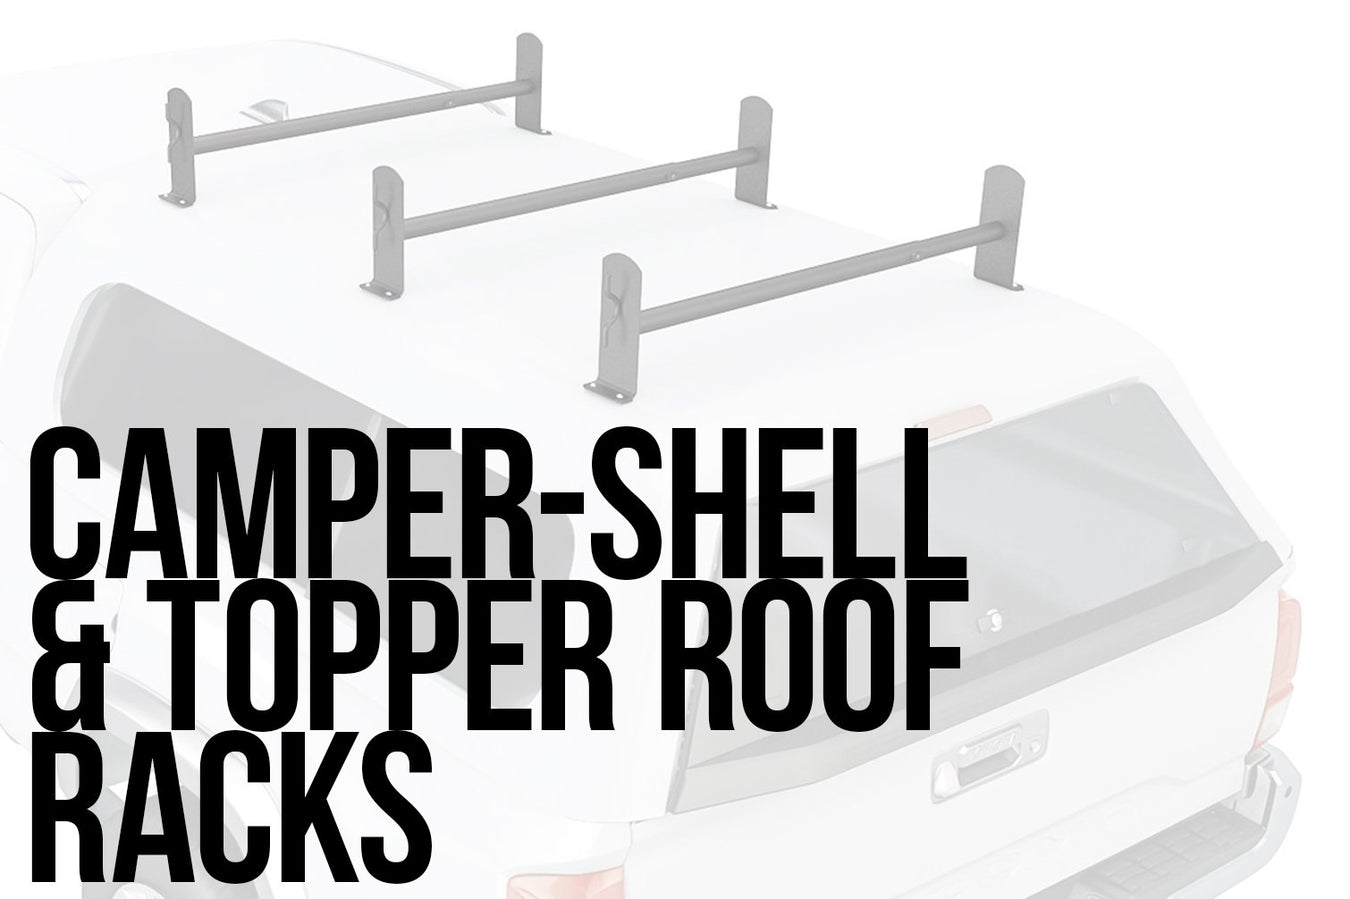 Camper-shell and Topper roof racks
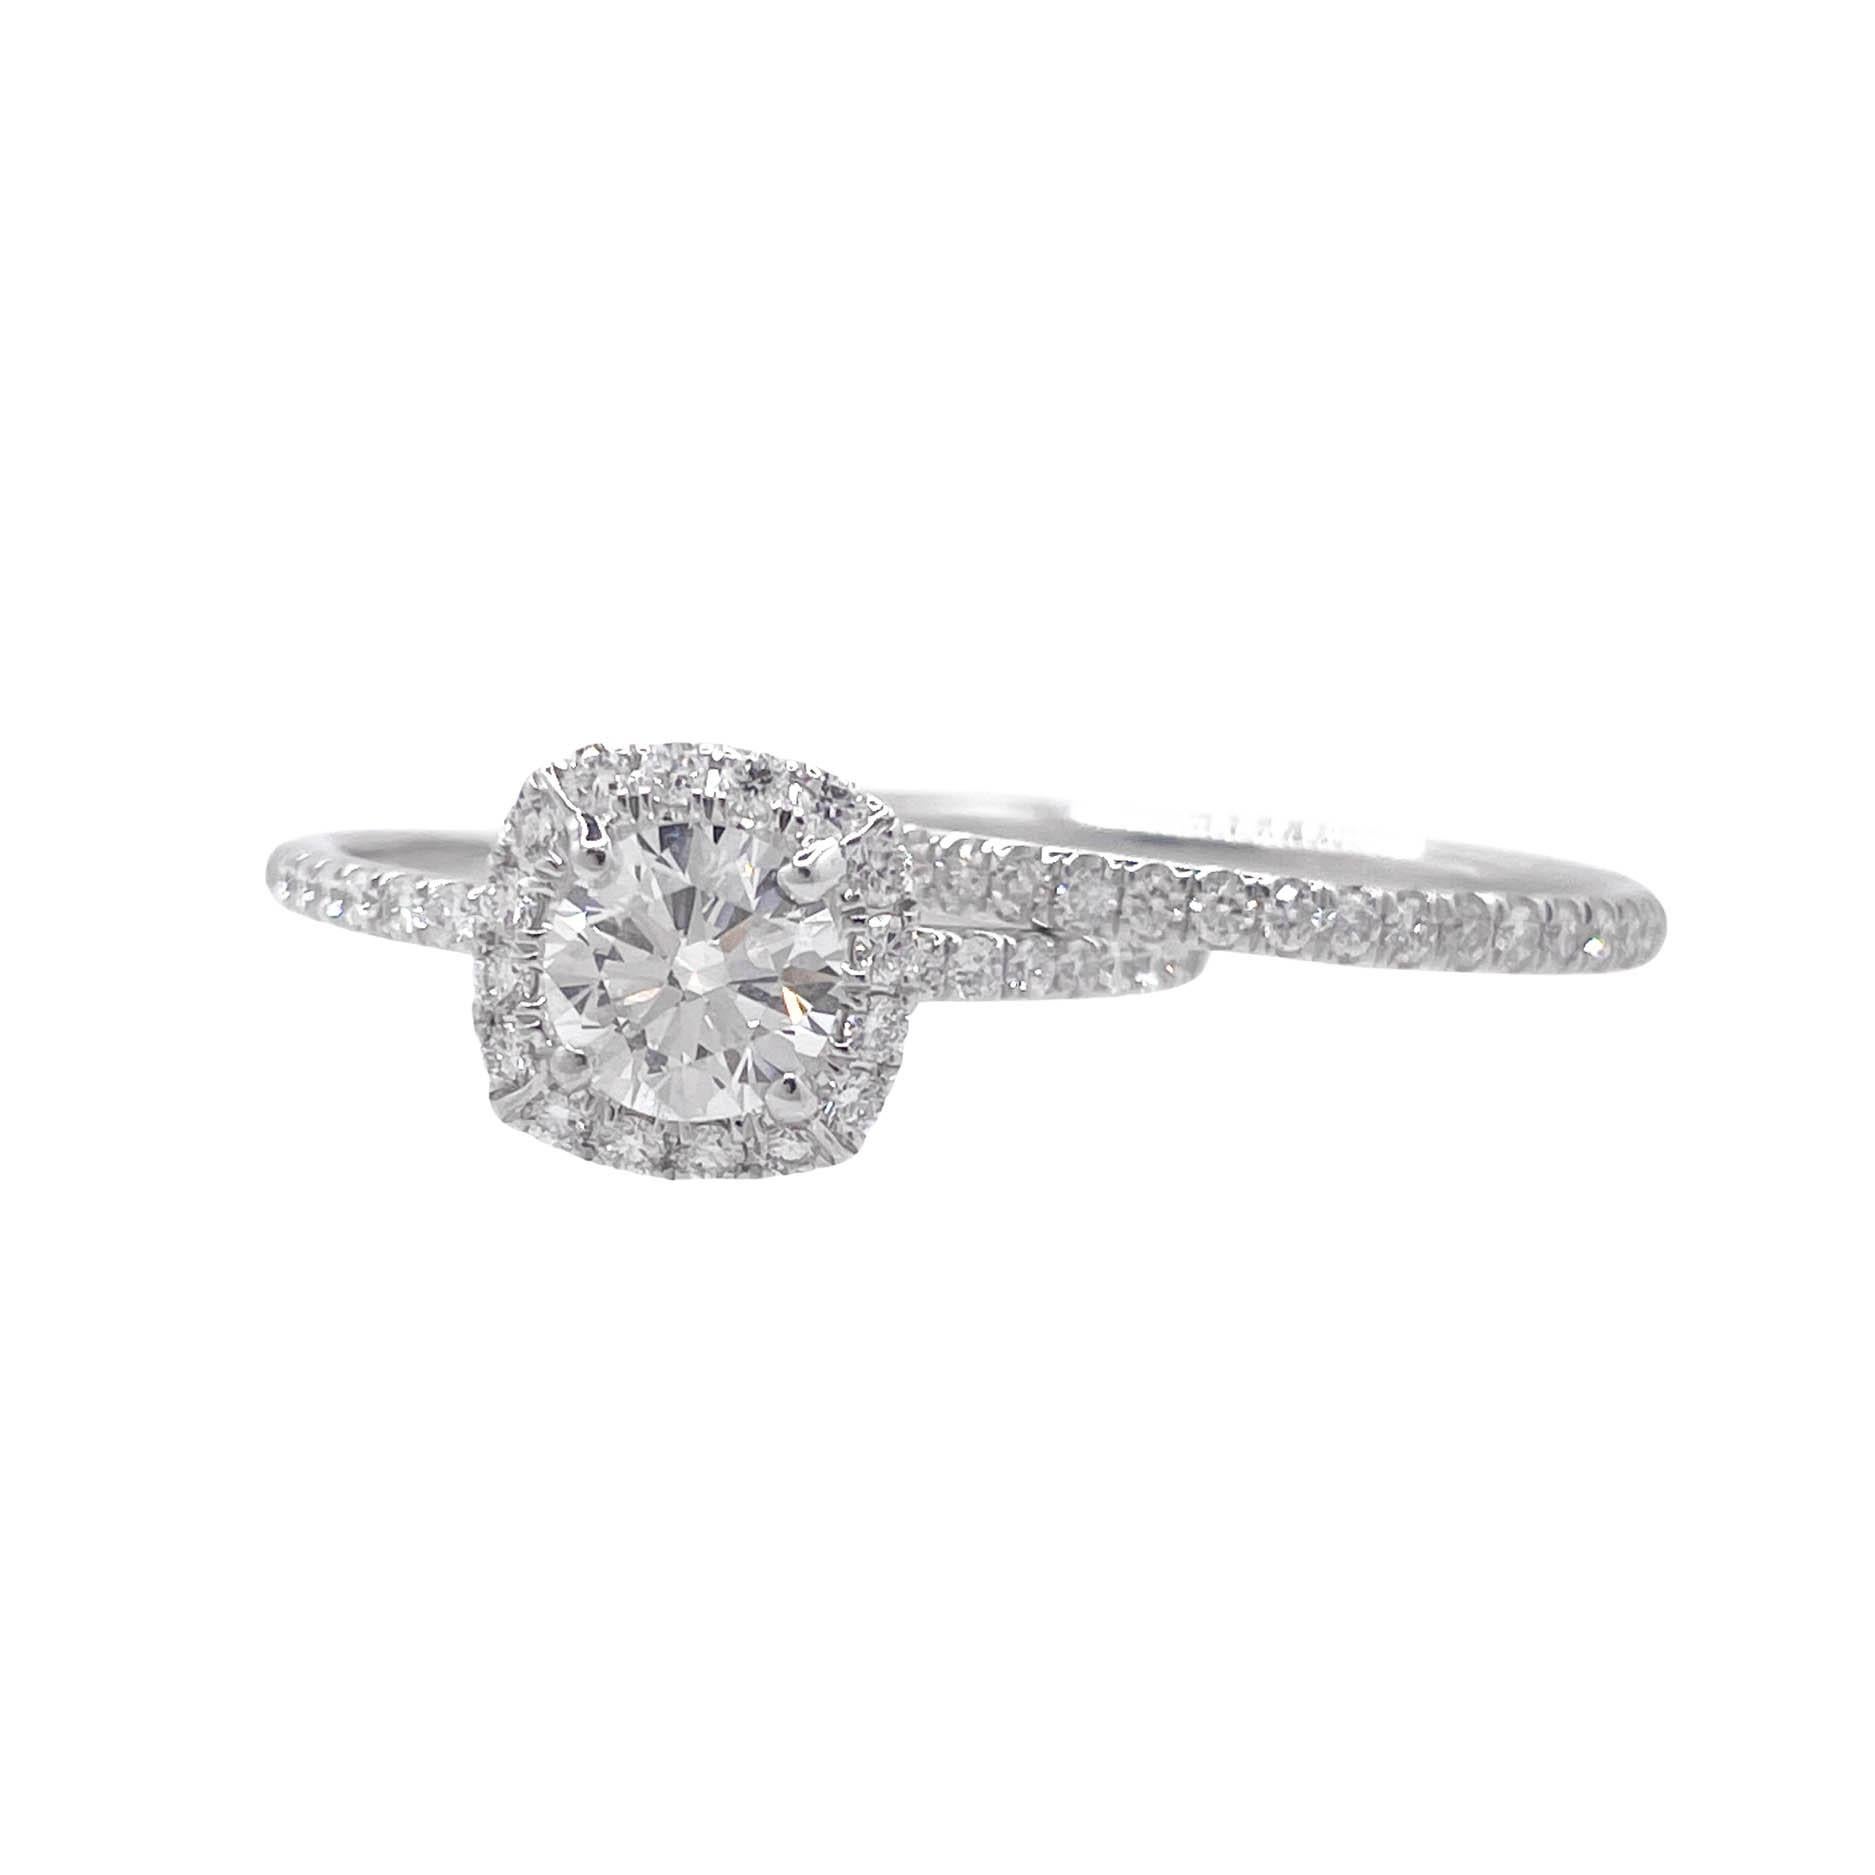 GIA Certified 1.28ctw Round Diamond Pave Halo Engagement Wedding Ring Set 
Set with GIA certified 0.90ct Round brilliant cut diamond in the center in H color and SI1 clarity; with measurements of 6.14x6.18x3.78mm. GIA report # 2446947901. The center

→ TASK BRIEF
Restate the data word for word, minus any images.

→ ANSWER FOR THE TASK
 Camper-shell and Topper roof racks
 GIA Certified 1.28ctw Round Diamond Pave Halo Engagement Wedding Ring Set 
Set with GIA certified 0.90ct Round brilliant cut diamond in the center in H color and SI1 clarity; with measurements of 6.14x6.18x3.78mm. GIA report # 2446947901. The center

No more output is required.